Coster was recognized for is participation in rescuing struggling businesses, which some interpreted negatively. It was said, for instance, that "he got rich sitting up with sick railroads and going to their funerals". Together with Morgan, through Northern Pacific, Coster helped bankrupt railroad enterprises and give them new lease of life. He was tasked with finding solutions to problems, balancing the intricate and interwoven relations of railroad obligations, bonds, underlying bonds, collateral trust mortgages, and loan applications. During this period, he was characterized as Morgan's overworked partner, who had done the bulk of the spadework in reorganizations that Northern Pacific was involved in. An account described him as "a sort of financial chemist, and possessed a gift of analysis" that enable him to develop clear and sound solutions. This made it possible for Morgan to go ahead with structuring plans. Examples of companies that were successfully reorganized include The Southern Railroad, the Erie, the Chesapeake and Ohio, the Lehigh Valley, the Reading, and the Hocking Valley.

== Stamp collector ==
Coster reportedly began collecting stamps during his teenage years. By 1870, he was already considered one of America's most prominent philatelists. As a collector, he is considered prolific, while his interests in stamps were wide-ranging. This is demonstrated in his collections, which included U.S. locals and forgeries. His collection of stamped envelopes is said to be the best in the United States. Coster was a co-founder and vice-president of the National Philatelical Society during the 1870s.

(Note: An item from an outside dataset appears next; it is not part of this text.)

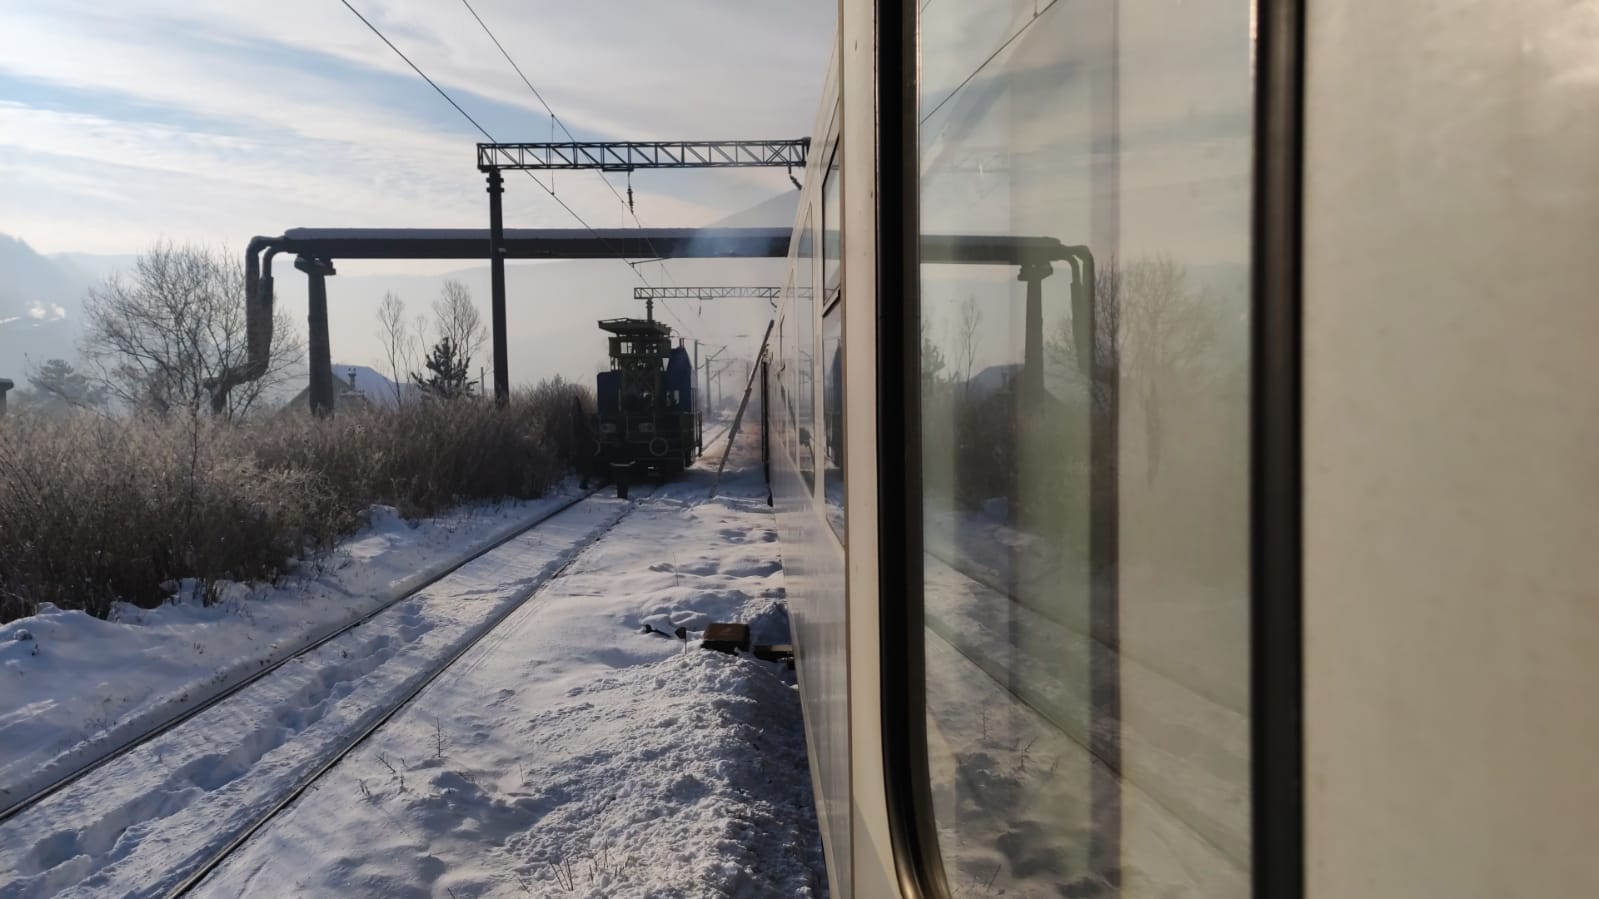 Un tren Deva-București Nord a fost blocat la Petroșani aproape trei ore. Circulația a fost reluată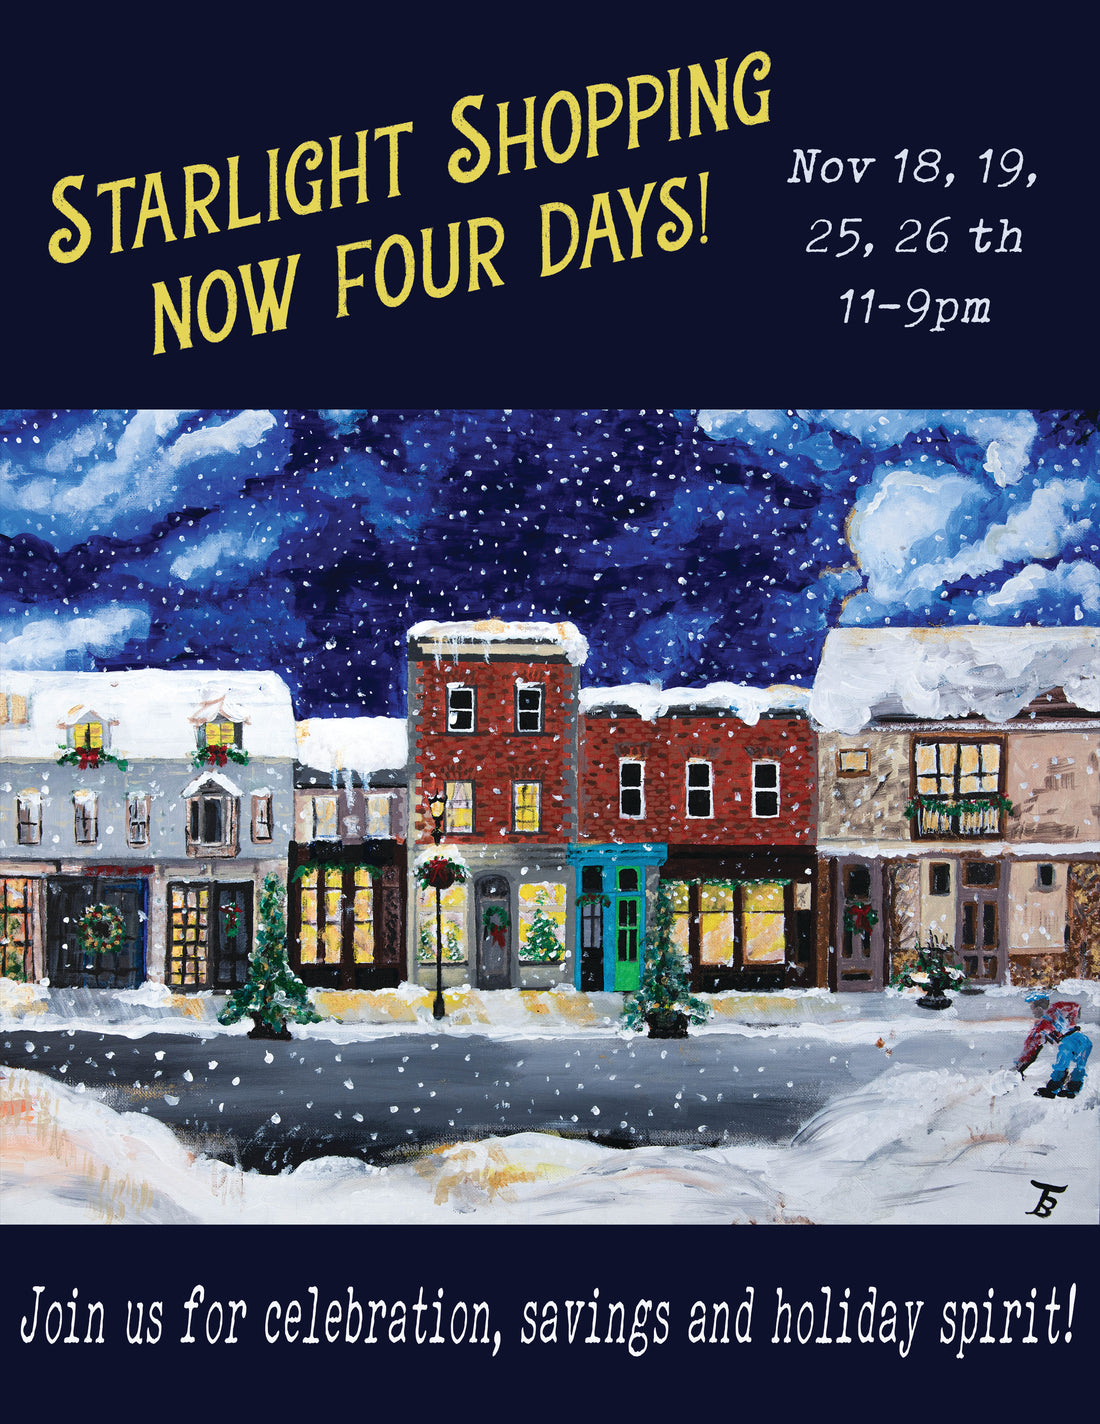 Starlight Shopping returns this November!

Coster had also published books on U.S. locals and wrote extensively about stamp envelopes, postal cards and Confederate provisionals. Some of his notable works in this area was his published disagreements with the noted English philatelist, W. Dudley Atlee, and Edward Loines Pemberton. These involved the controversy about the descriptions and history of U.S. locals and Confederate provisionals.

== Personal life ==
He married Emily Pell in June 1886. The couple had four children: Emily, Charles Henry, Helen, and Maud. The family lived in 27 West Nineteenth Street, New York City.

Coster died from pneumonia on March 13, 1900, in New York. At the time of his death, he was at the prime of his life as a Wall Street financier.